## [SUPPLIED MATERIAL]
—————
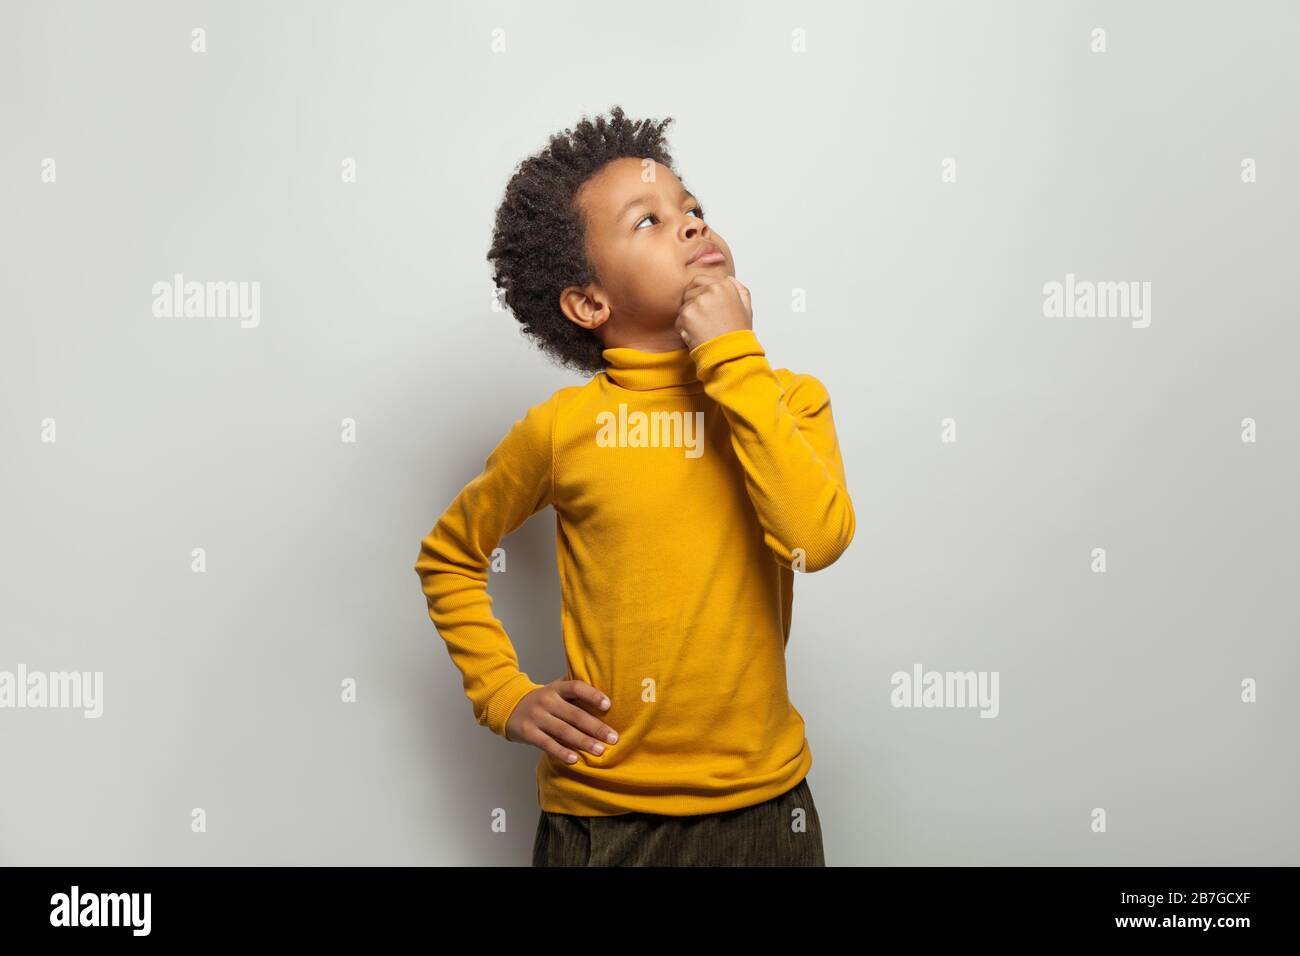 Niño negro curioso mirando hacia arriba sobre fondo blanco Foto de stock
—————
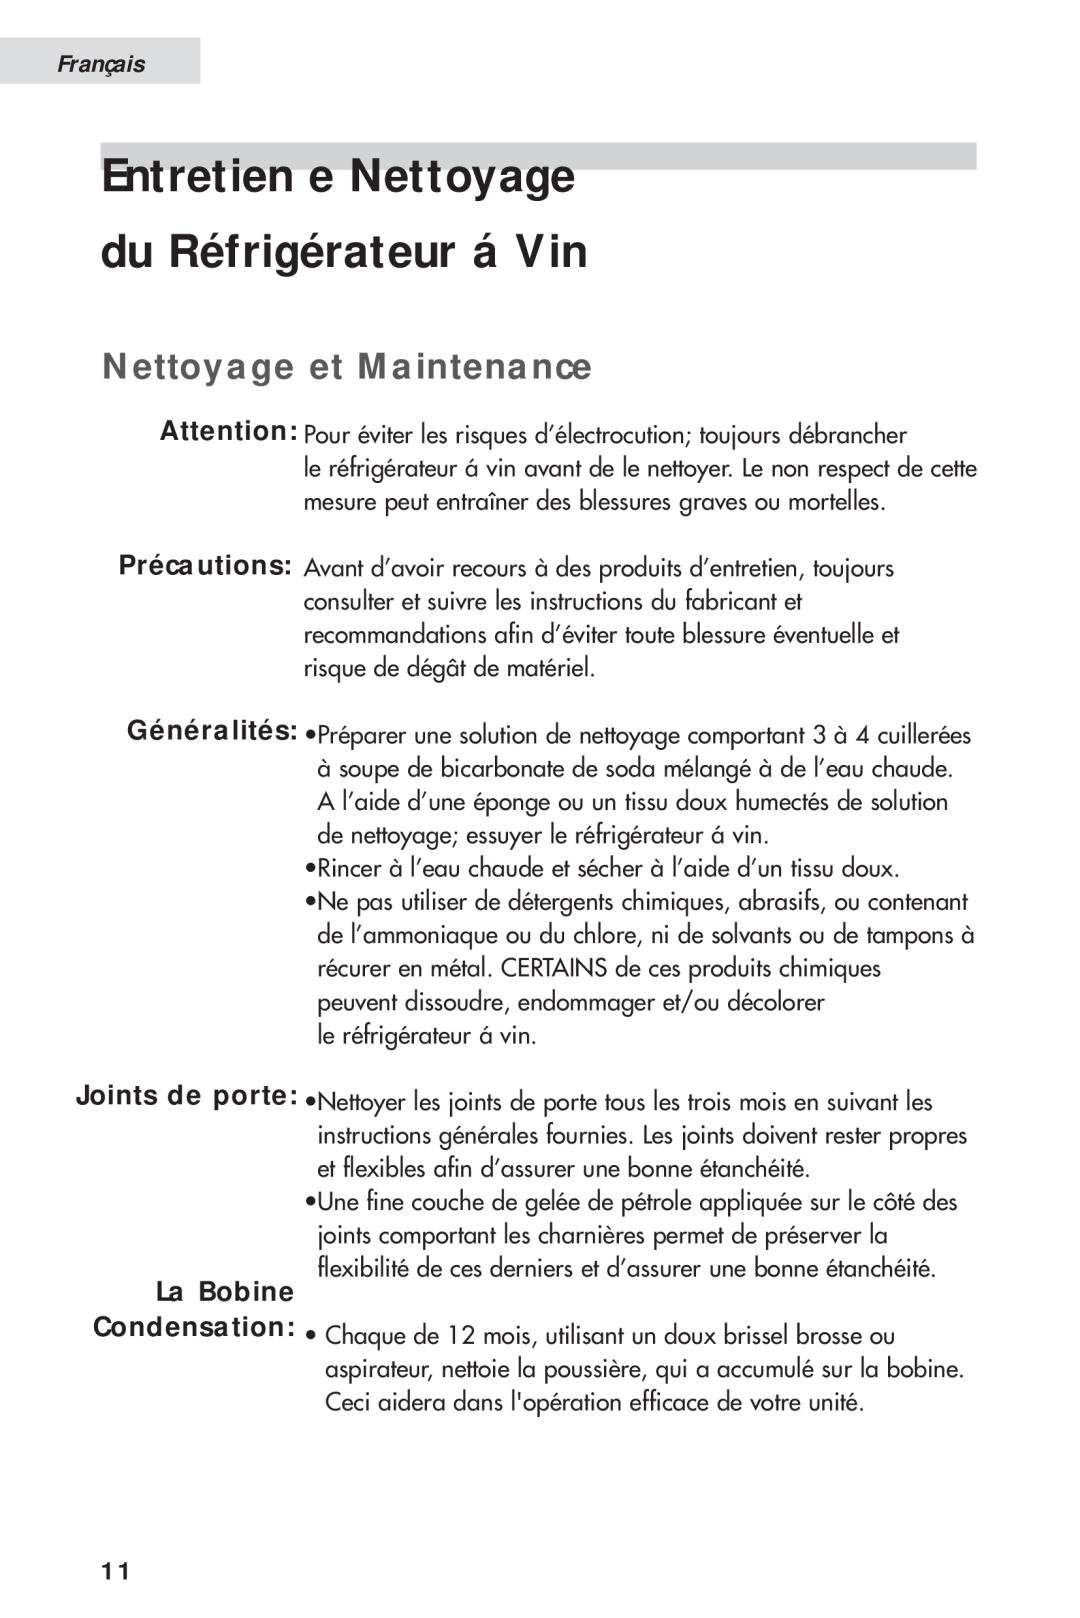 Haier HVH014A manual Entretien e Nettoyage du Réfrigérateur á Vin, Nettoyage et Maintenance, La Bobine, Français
—————
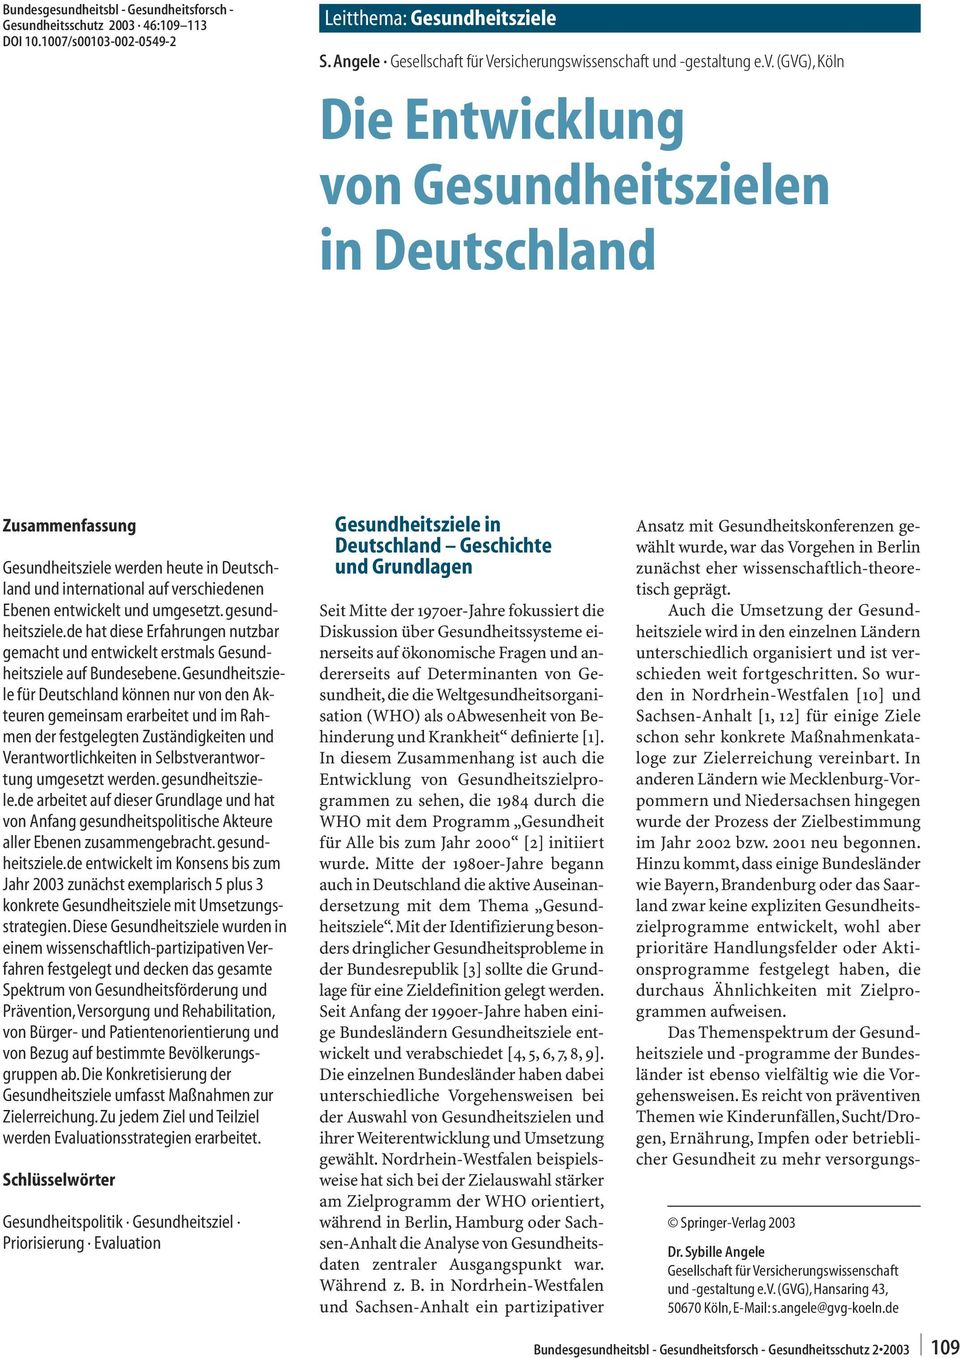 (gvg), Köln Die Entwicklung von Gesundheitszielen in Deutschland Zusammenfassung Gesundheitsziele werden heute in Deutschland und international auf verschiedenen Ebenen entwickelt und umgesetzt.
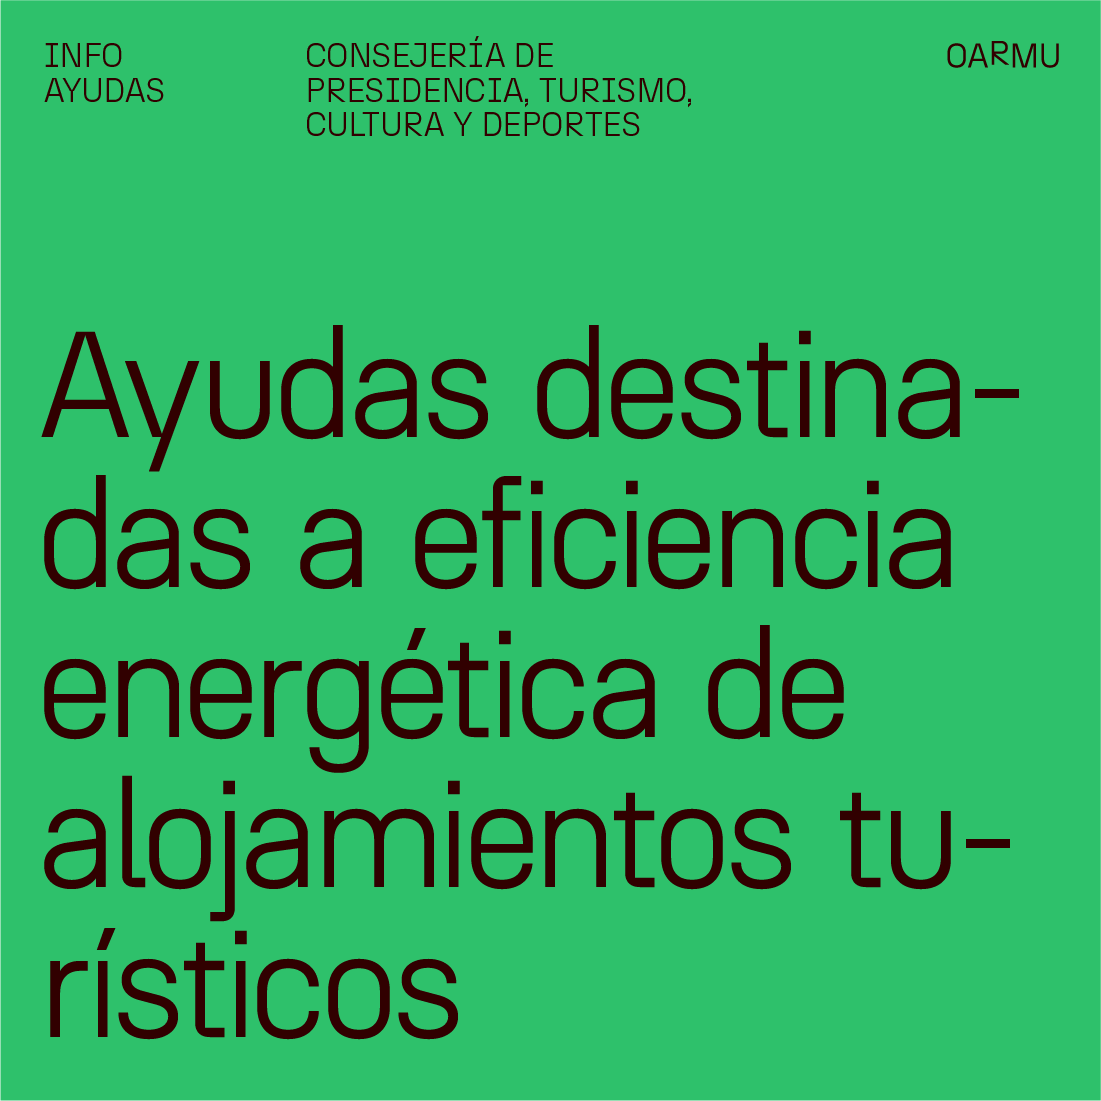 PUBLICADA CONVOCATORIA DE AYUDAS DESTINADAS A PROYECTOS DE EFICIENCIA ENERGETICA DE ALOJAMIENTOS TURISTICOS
—————
## [ACTION ITEM]
From the material above, output only the span of lines that starts at the one containing "(gvg), Köln Die" and finishes at the one containing "PUBLICADA CONVOCATORIA DE", word for word and free of pictures.

## [EXERCISE SOLUTION]
 (gvg), Köln Die Entwicklung von Gesundheitszielen in Deutschland Zusammenfassung Gesundheitsziele werden heute in Deutschland und international auf verschiedenen Ebenen entwickelt und umgesetzt.
 PUBLICADA CONVOCATORIA DE AYUDAS DESTINADAS A PROYECTOS DE EFICIENCIA ENERGETICA DE ALOJAMIENTOS TURISTICOS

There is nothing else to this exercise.